I brushed him aside and rushed through the door. Disinfectant and air freshener battled for dominance in the refrigerated chill. Someone had made an attempt at a homey touch, scattering throw pillows across mismatched chairs and a low sofa, but the waiting room still screamed doctor’s office. Magazines studded a circular coffee table. A water cooler burbled in an alcove. A sign read
OUR SERVICES
and listed them in alphabetical order: abortion, body image, men’s sexual health, morning-after pill, sex and sexuality, sexually transmitted diseases, women’s health.
“Your name?” A snub-nosed young woman shifted her gaze from her laptop screen.
“I’m not here to see anyone. I—is there another clinic that looks almost the same as this one?”
The woman assumed a defensive posture, straightening her back and pursing her lips, making me wonder whether the picketers ever sent anyone—say, a young woman with questions—inside for the express purpose of annoying her while she worked, or if working in an atmosphere of constant, muted, daily threat, disconcerted her.
“I’m sorry, are you looking for another address?” She stayed barely polite, her tone caustic.
“Is there another branch, another clinic with the same sign?”

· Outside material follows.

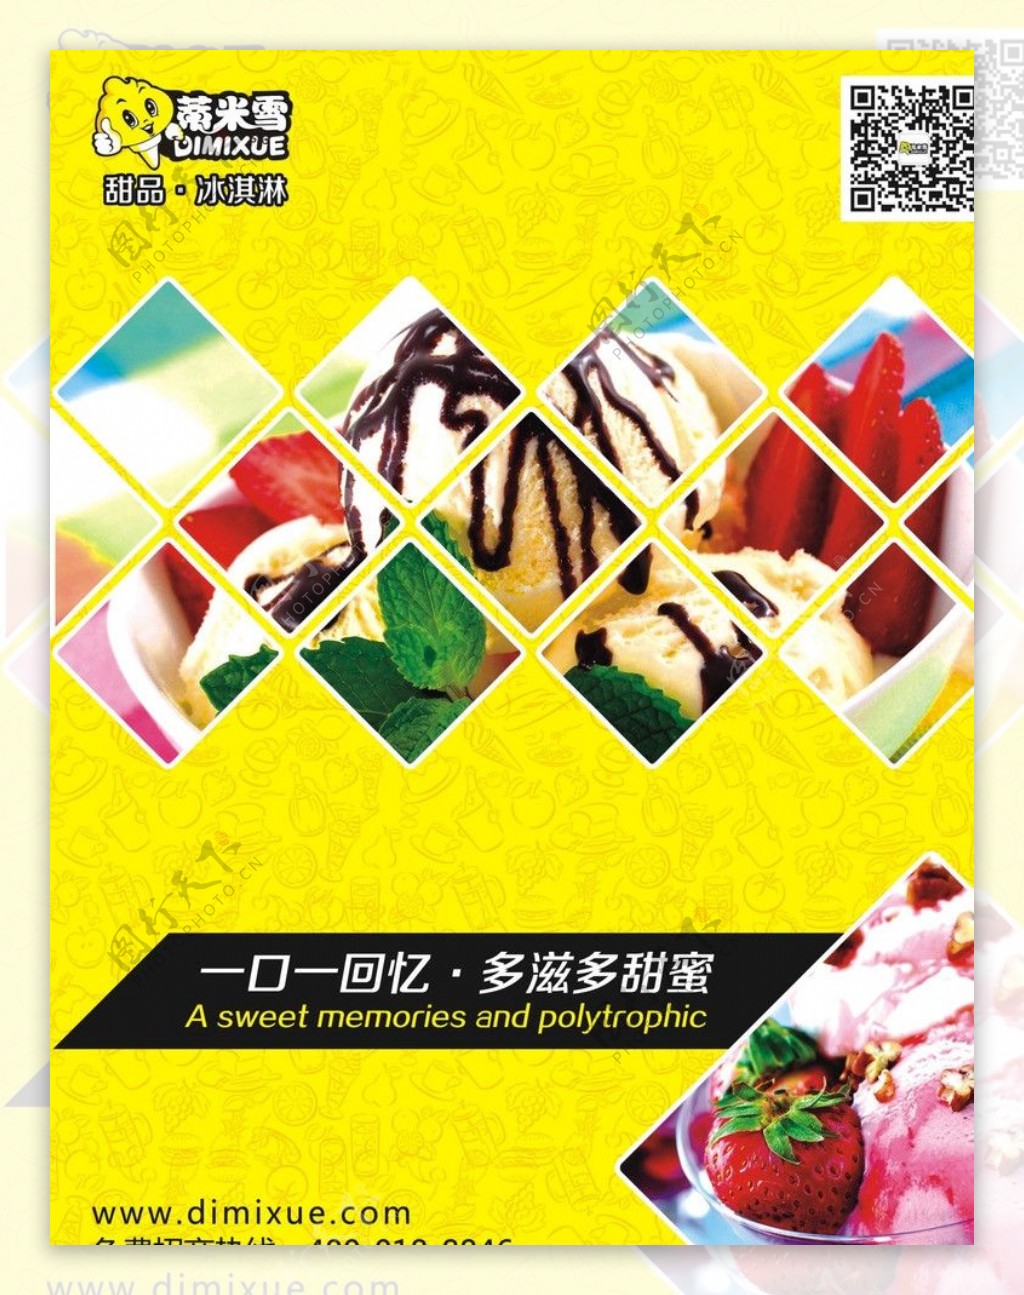 冰淇淋甜品海报图片

“No, miss, but we might be able to help you here.” Her smile, when it came, was surprisingly warm. It seemed she had decided I was too young and naïve, too scared to mention the reason I might wish to see a doctor. I hesitated. I didn’t want to show her the photo. Garrett Malcolm was definitely recognizable now.

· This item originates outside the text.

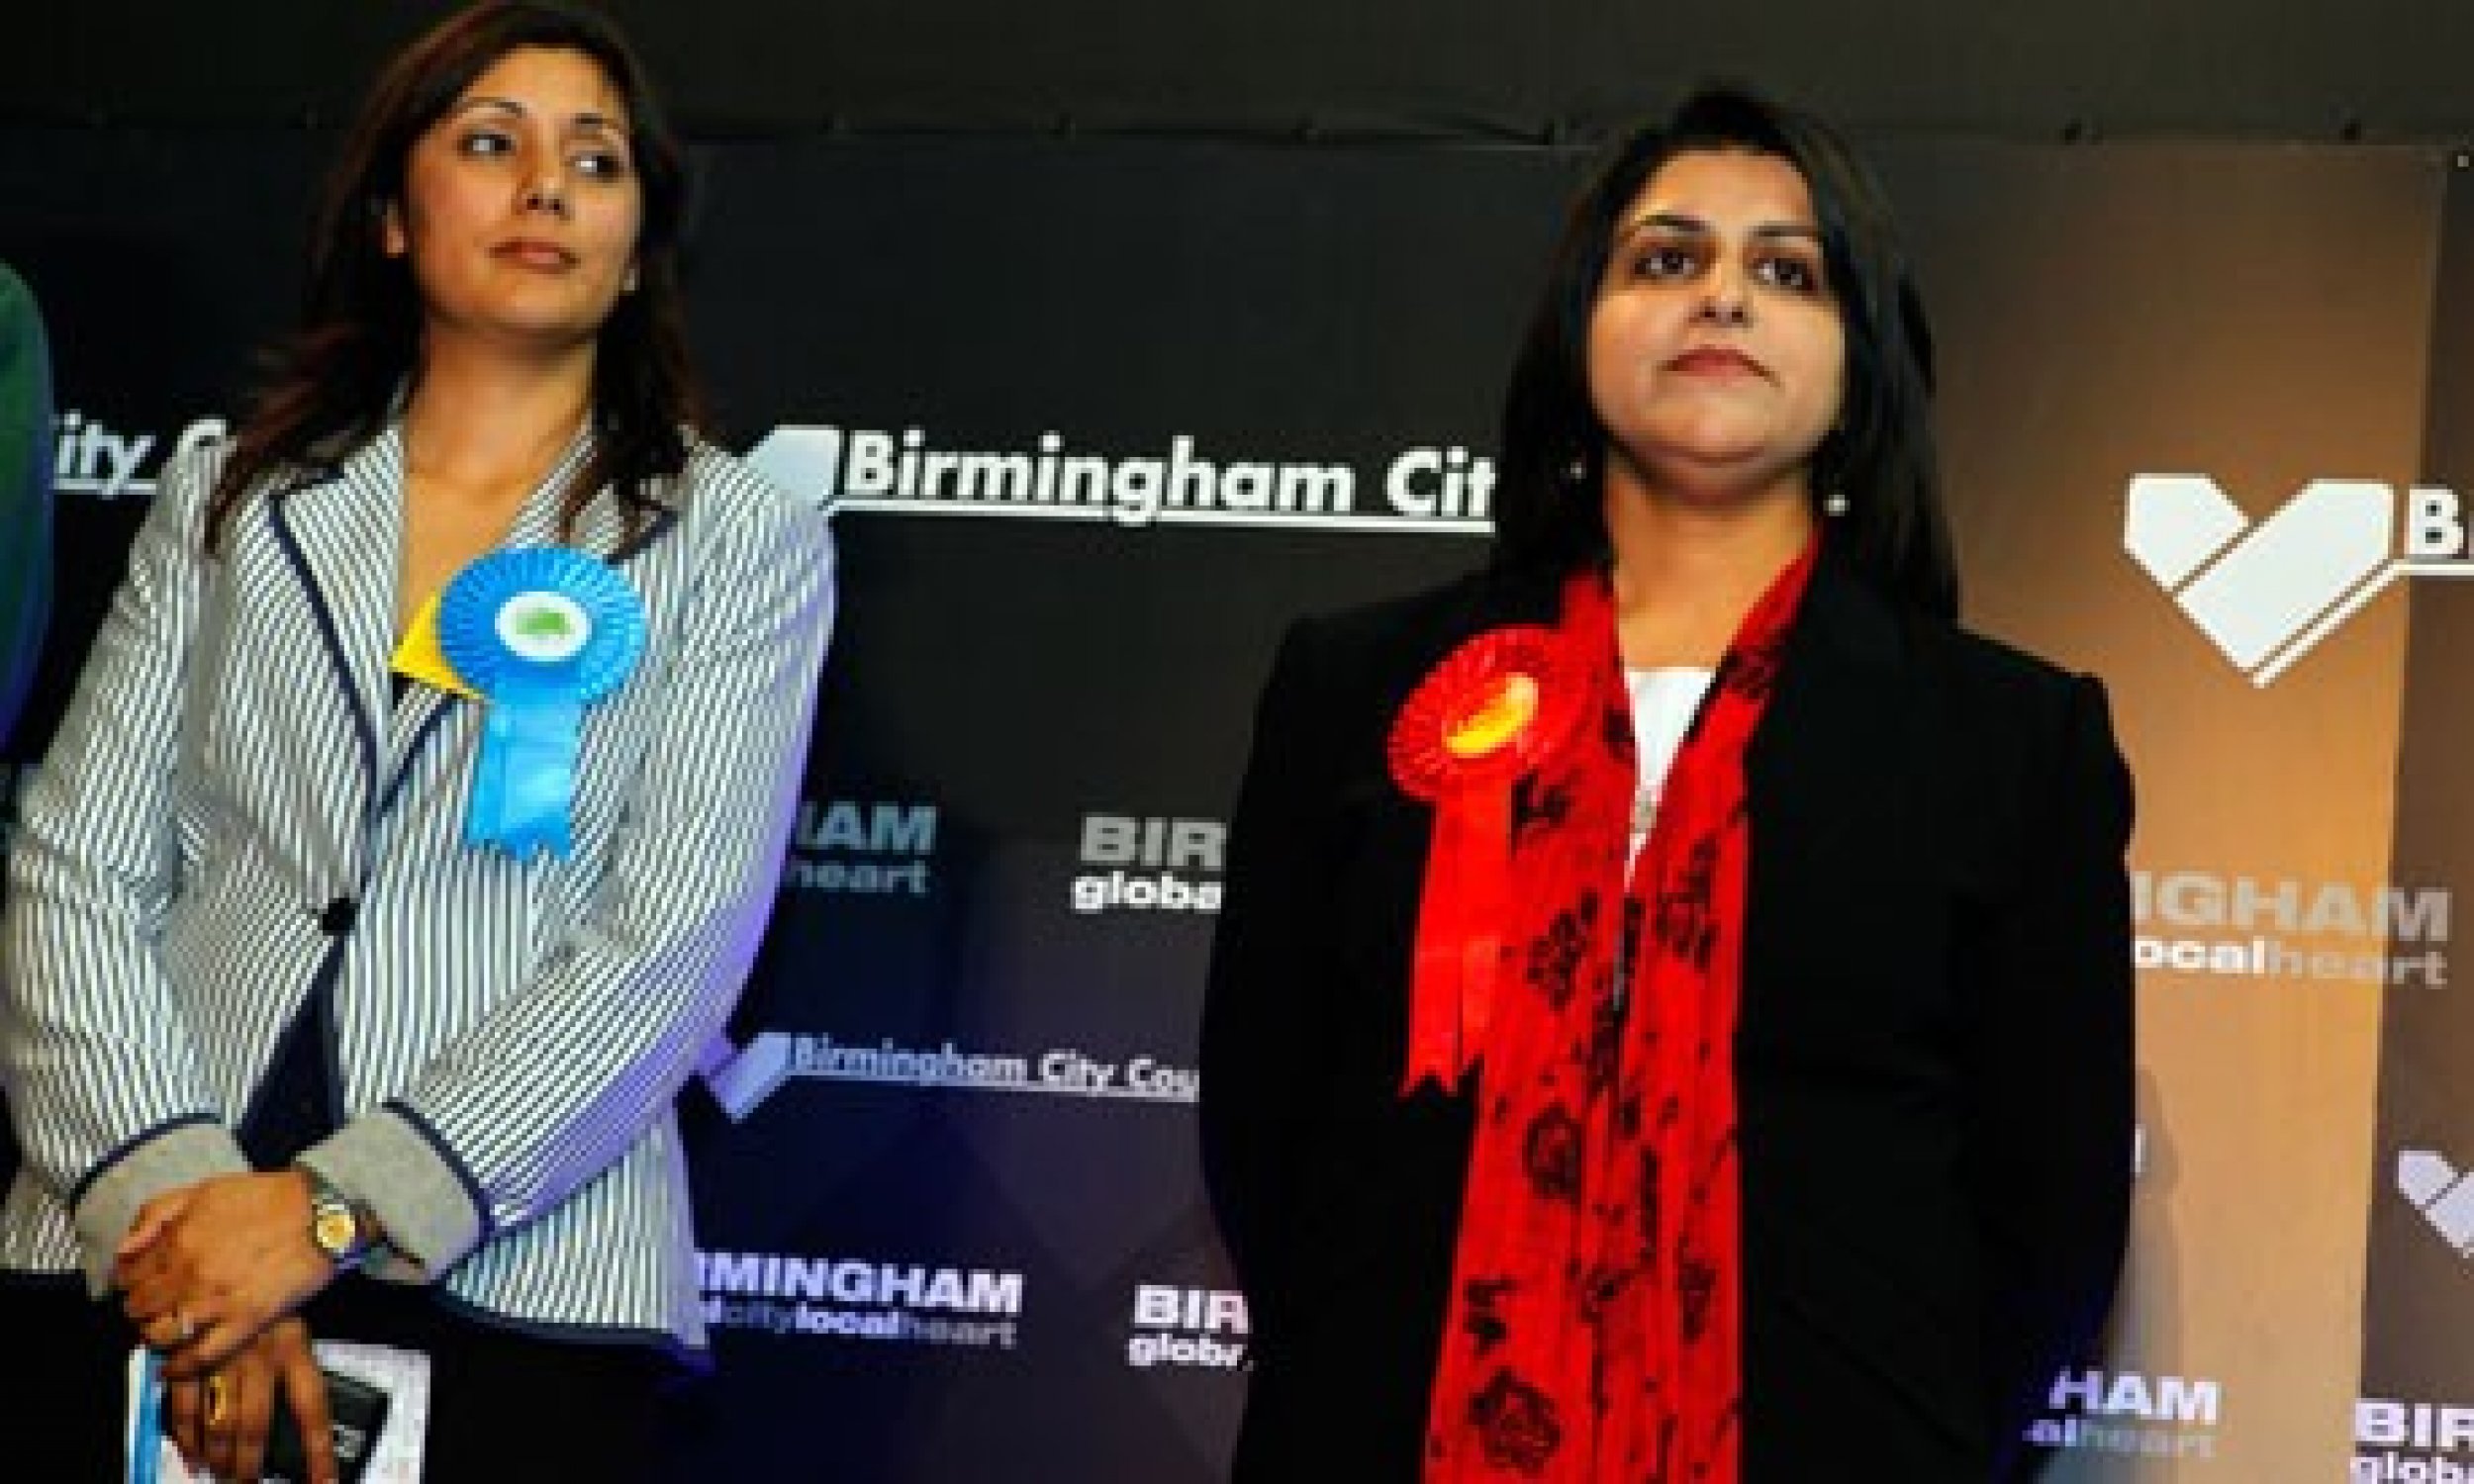 Shabana Mahmood Labour, Ladywood-Birmingham

“She might mean the old building.”
I turned my head and caught the glance of a second receptionist, this one plump and motherly, her right hand raised to fit a sheaf of medical records into a bookcase that stretched across the rear wall.
“The old building,” I repeated.
She offered a wide smile with a dimple at one corner. “Yes, this isn’t our original space here. When they rebuilt, they made a few changes.”
“Remodeled?”
“Not intentionally. The old clinic burned to the ground.”

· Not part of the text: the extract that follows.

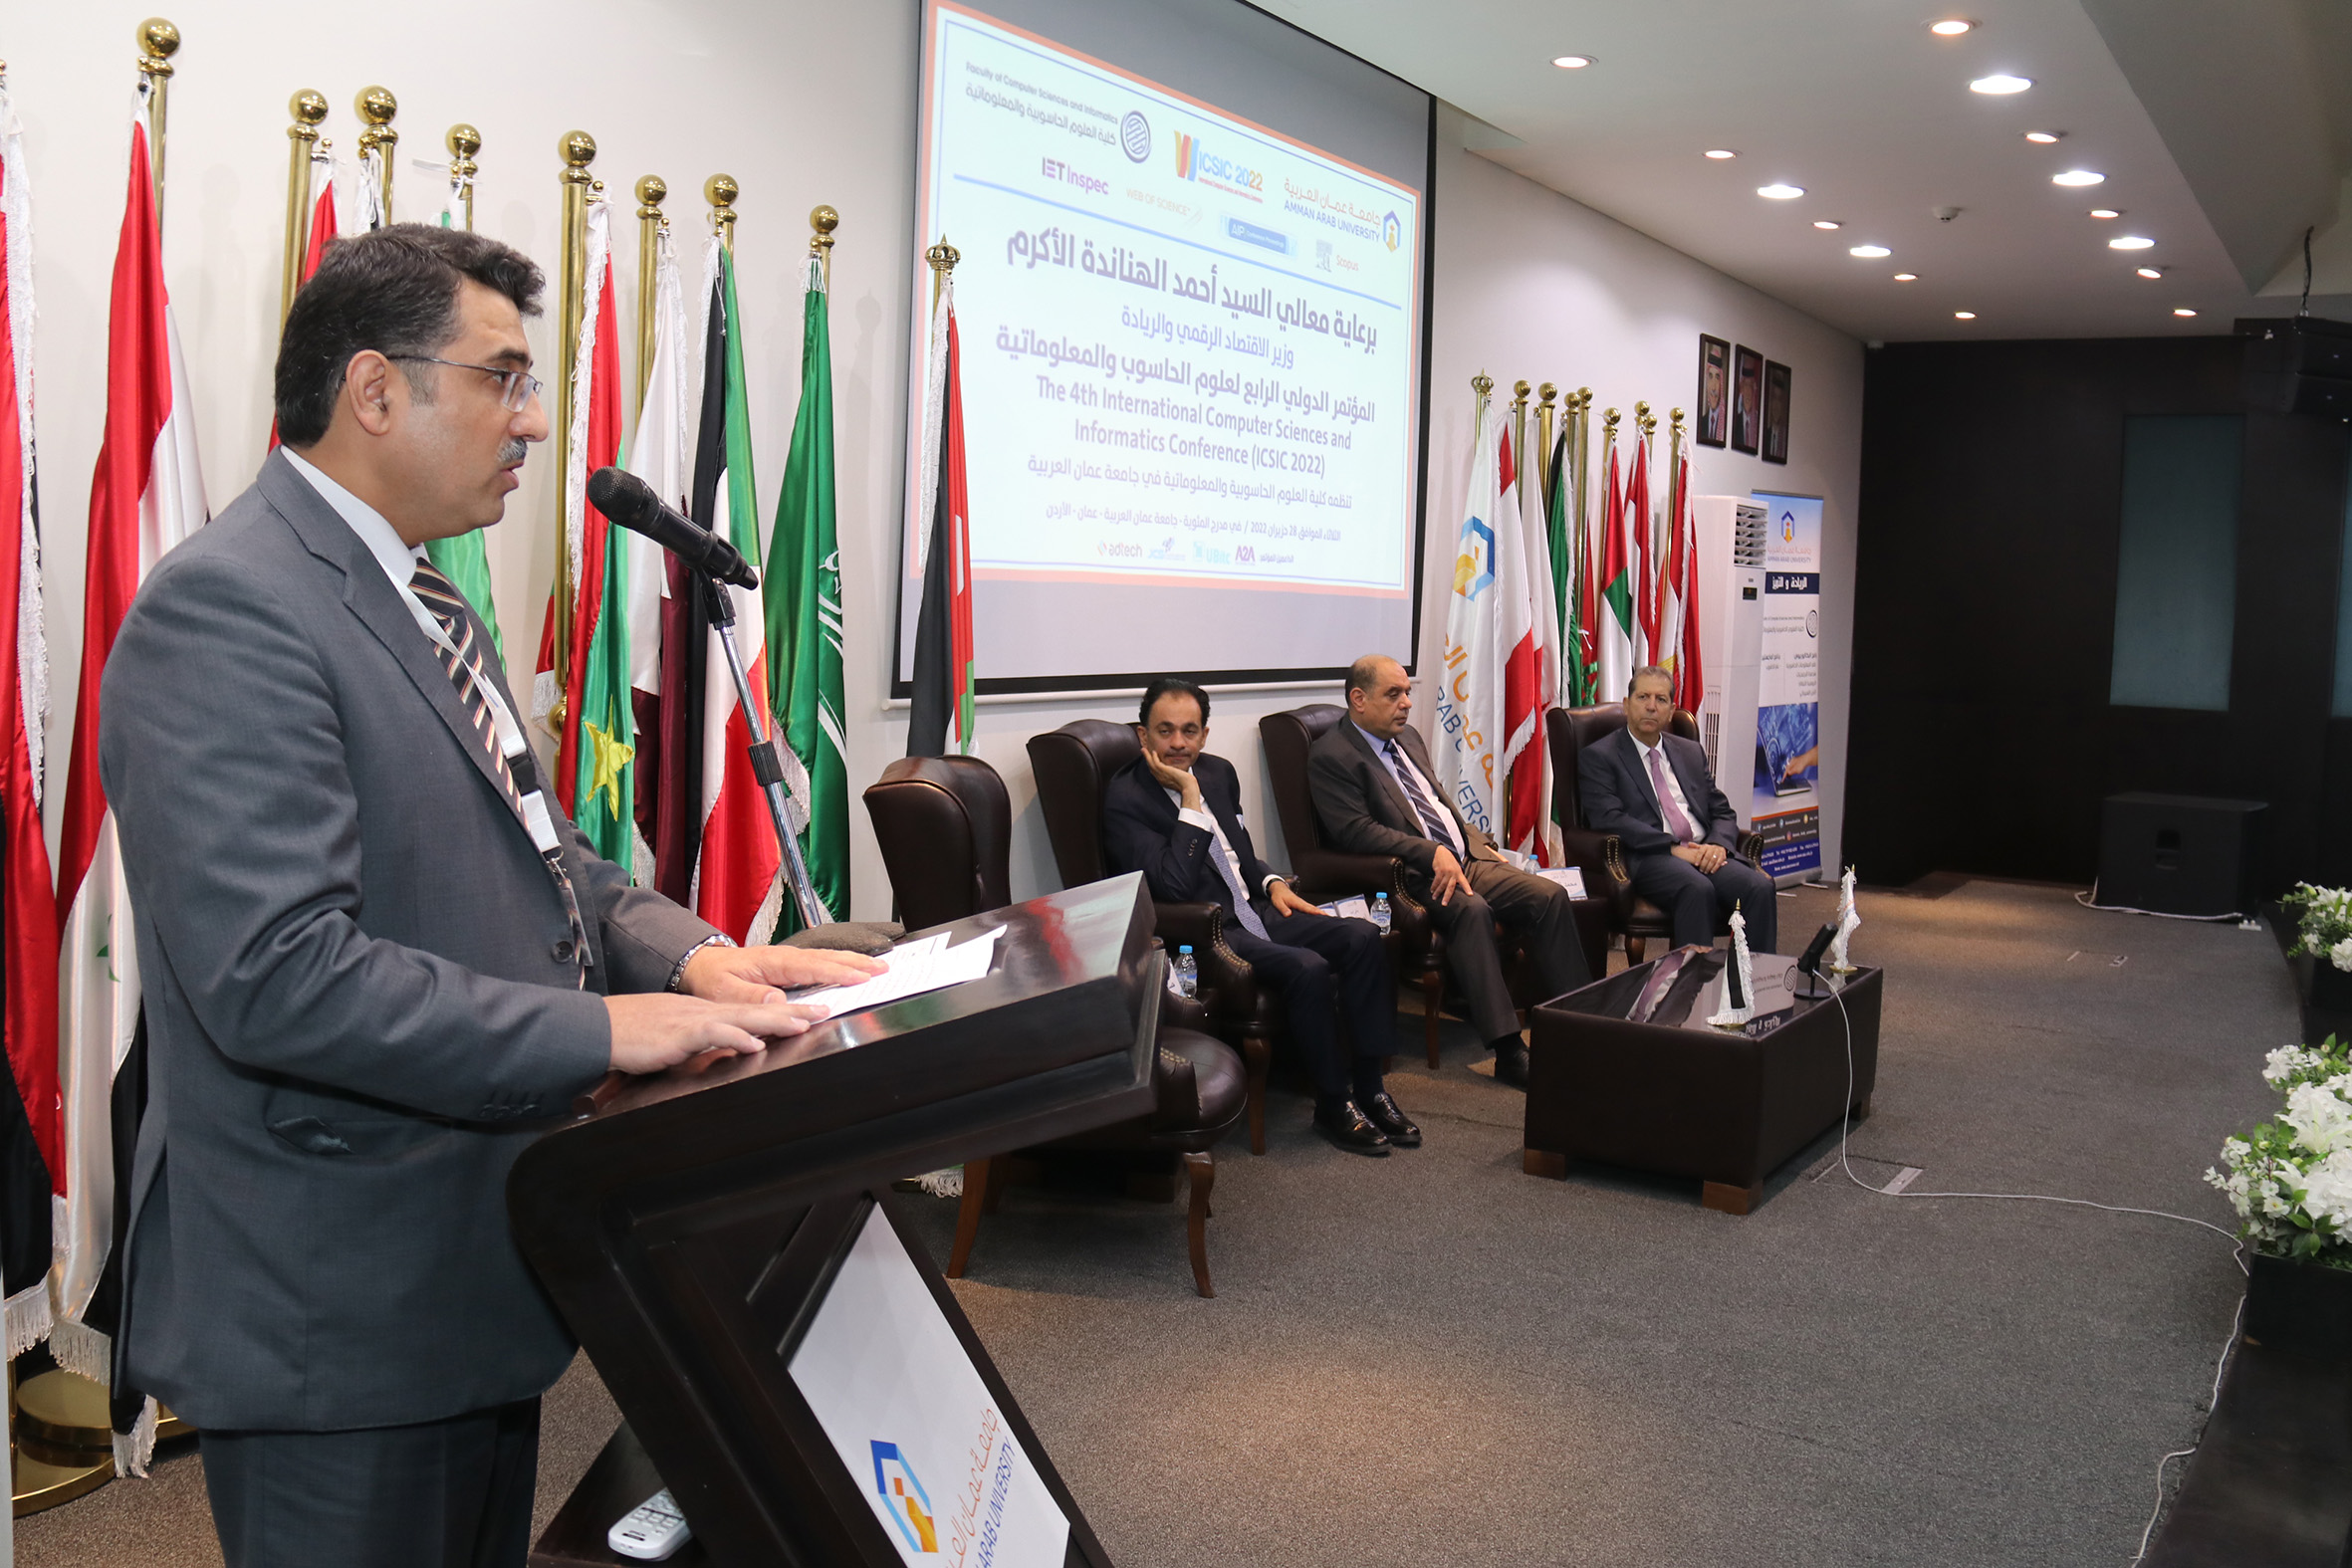 الهناندة يرعى افتتاح فعاليات المؤتمر الدولي الرابع في العلوم الحاسوبية والمعلوماتية في "عمان العربية"7

“Fire-bombed,” the younger receptionist chimed in, “and they still let those picketers stand there every day, harassing us and bothering our clients.”
“No one ever proved it was arson,” the motherly woman said mildly.
“But it burned?” I said. “When?”
“A long time ago.” This from the young one, a dismissive snort.
“When dinosaurs ruled the earth.” The older woman raised an eyebrow. “And, yes, I was working here at the time.”
“Was anyone hurt?”
“Oh, no, nothing like that. It happened late at night, thank God, must be fifteen years ago. Back when we kept paper records. Nothing on line, so the whole thing was a nightmare.”
I turned away, took a step or two, and sank into a sagging armchair. Claire might have undergone an abortion prior to Jenna’s birth, but she would never have considered aborting Jenna, the long-awaited child. Unless Garrett, worried about his father’s bias toward boys, compelled her to come, forced her to find out the sex of the unborn child.
That didn’t work; the baby girl hadn’t been aborted. But the clinic, the clinic in the photo, had burned to the ground. Surely McKenna wasn’t accusing Garrett of burning down a clinic. The director certainly had a thing about fire; Darren Kalver pointed out the fire extinguishers in the barn on my first visit, cautioned me against smoking, mentioned a fire that occurred when Garrett was young. And he used fire with great effectiveness in his films. But to base an accusation of arson on such sketchy ground was as bad, worse than having O’Toole, the fool of a district attorney, accuse Garrett of being involved in Helga Forester’s death just because he hadn’t volunteered to step up and swab his cheek.